• _What to work on_
From the line containing "Bobby Vinton Blue" through the last line of the data, both ends included, write out every line exactly; omit the pictures.

Exercise data: Begin

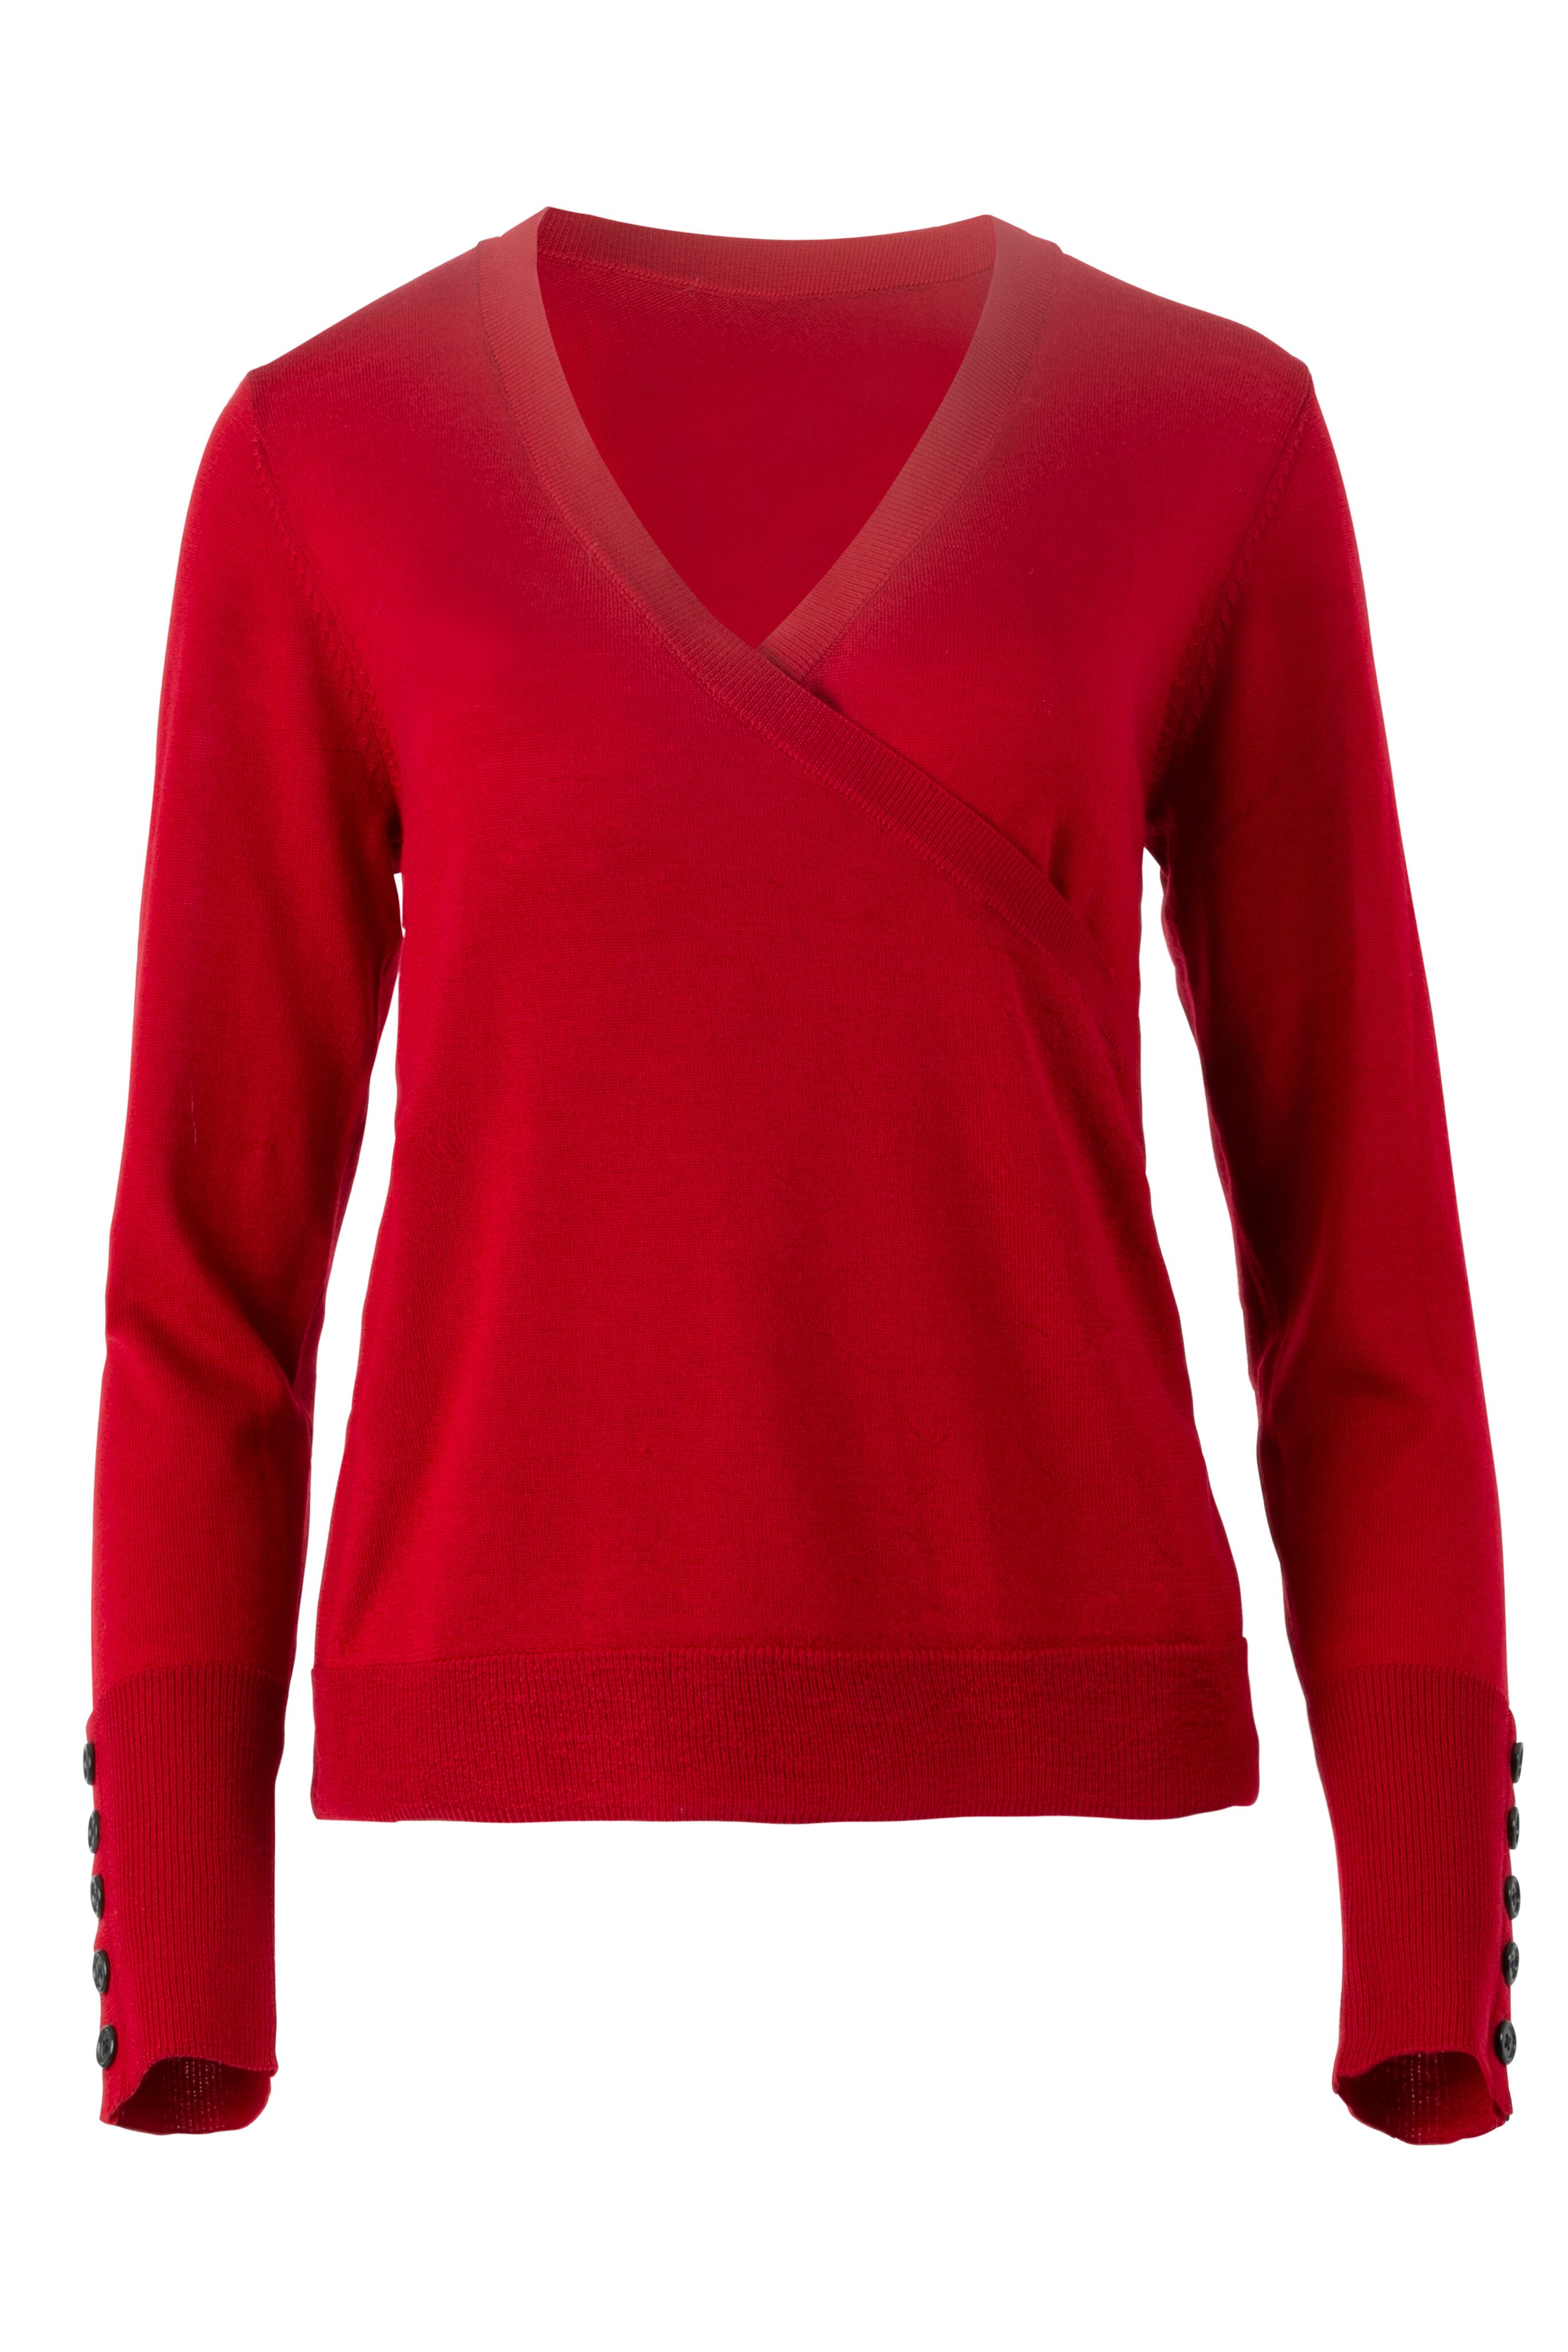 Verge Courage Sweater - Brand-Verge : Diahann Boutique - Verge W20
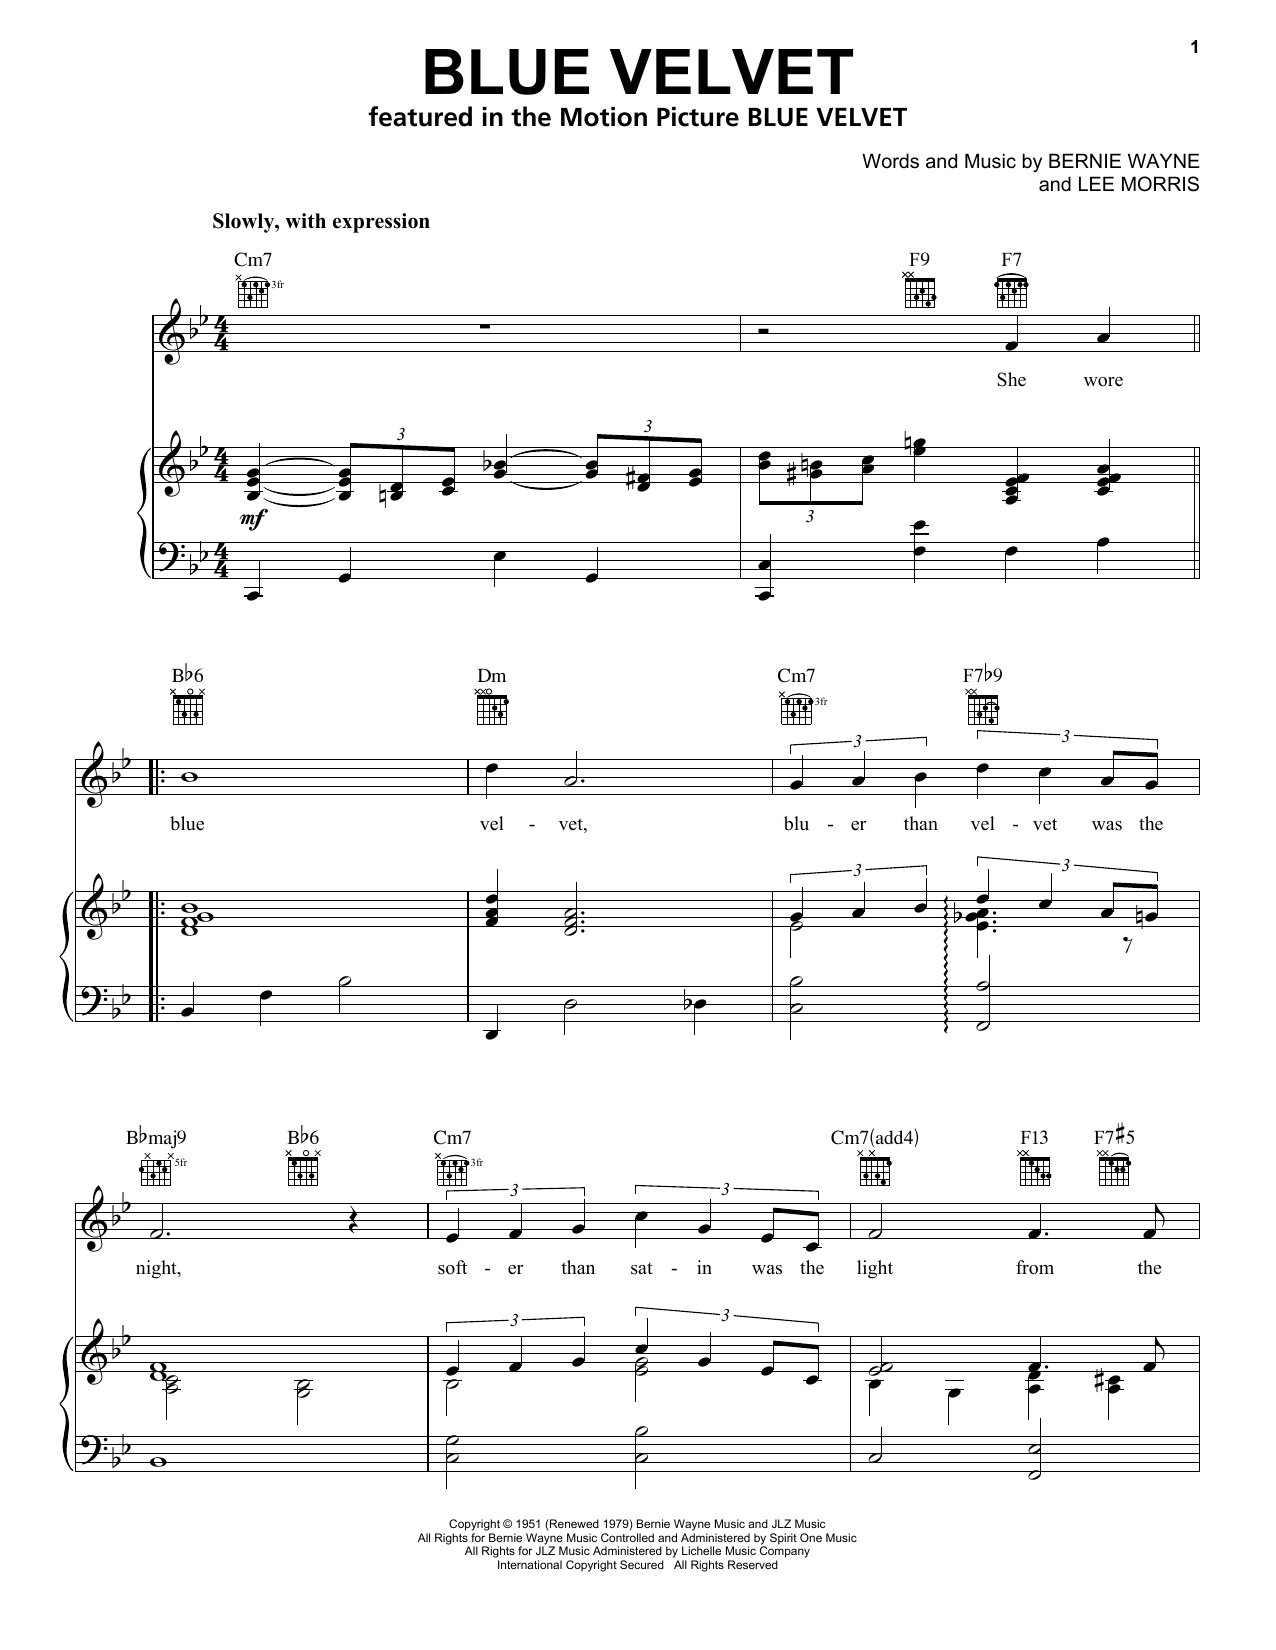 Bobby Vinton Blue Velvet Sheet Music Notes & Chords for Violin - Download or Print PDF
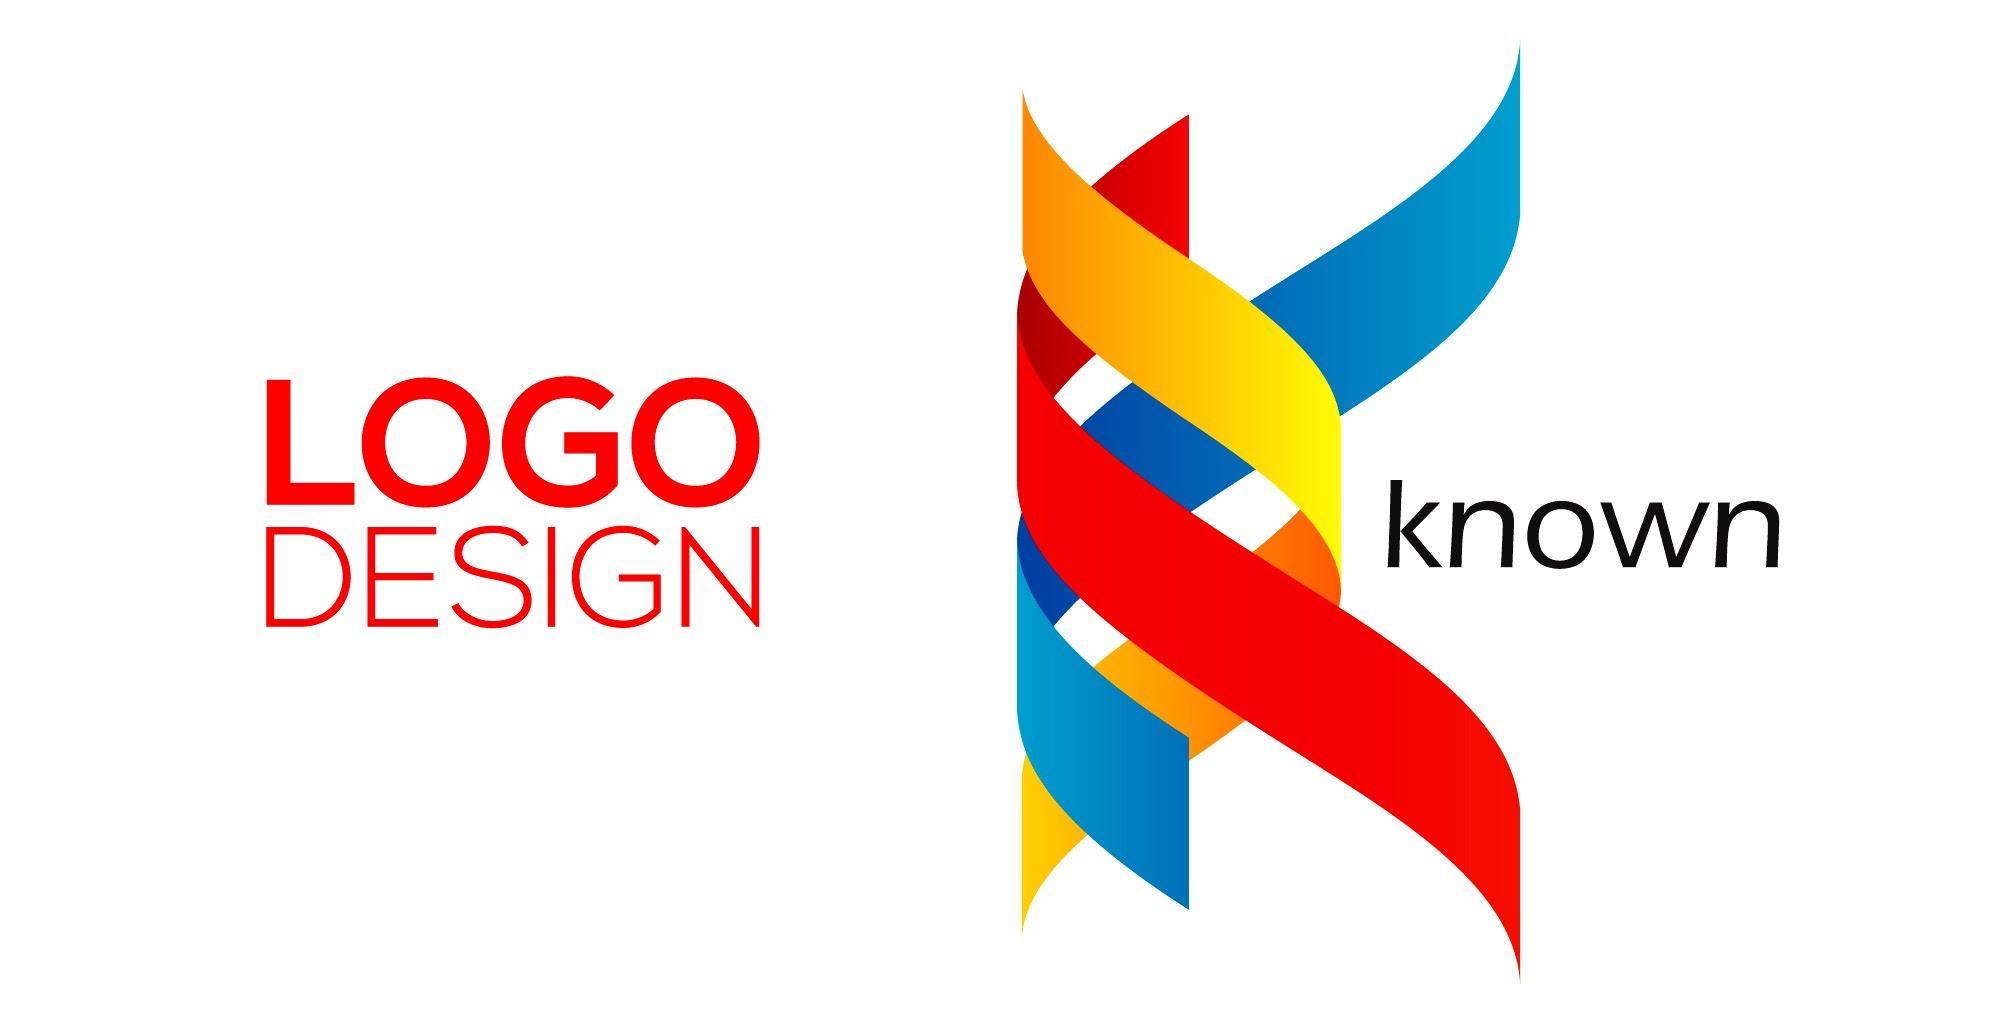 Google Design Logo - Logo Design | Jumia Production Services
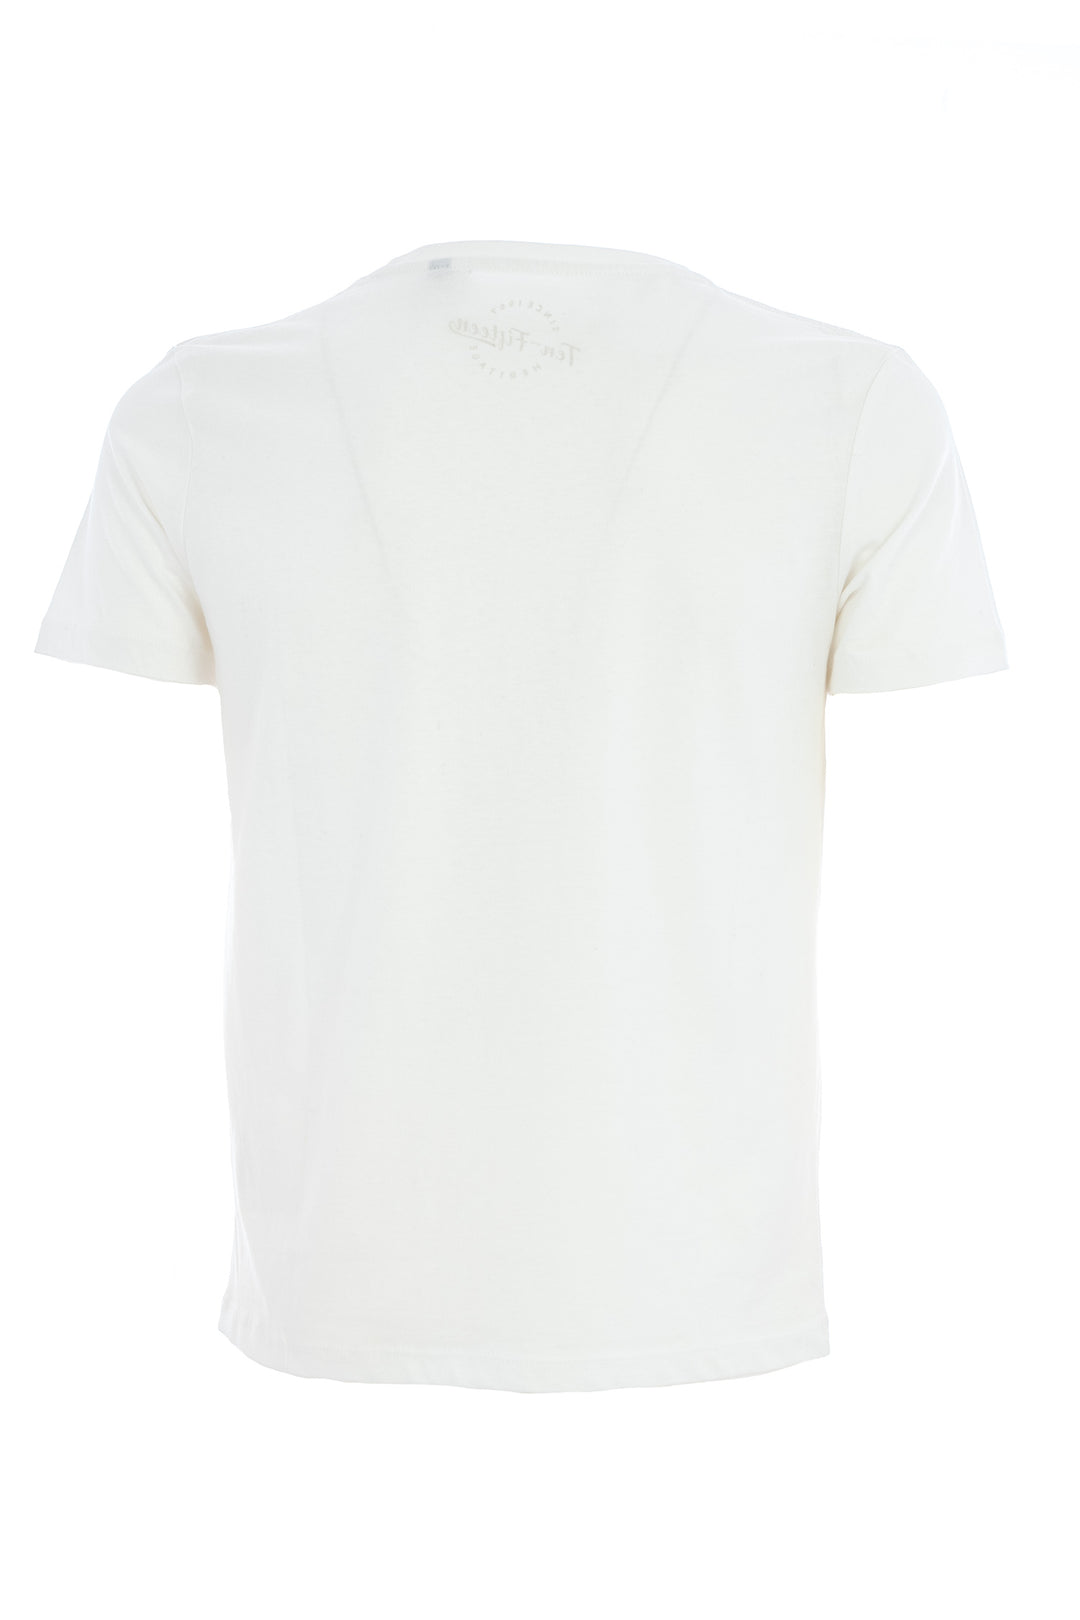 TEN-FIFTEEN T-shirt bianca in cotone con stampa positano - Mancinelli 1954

Exercise data: End

• _Exercise result_
 Bobby Vinton Blue Velvet Sheet Music Notes & Chords for Violin - Download or Print PDF
 Google Design Logo - Logo Design | Jumia Production Services
 TEN-FIFTEEN T-shirt bianca in cotone con stampa positano - Mancinelli 1954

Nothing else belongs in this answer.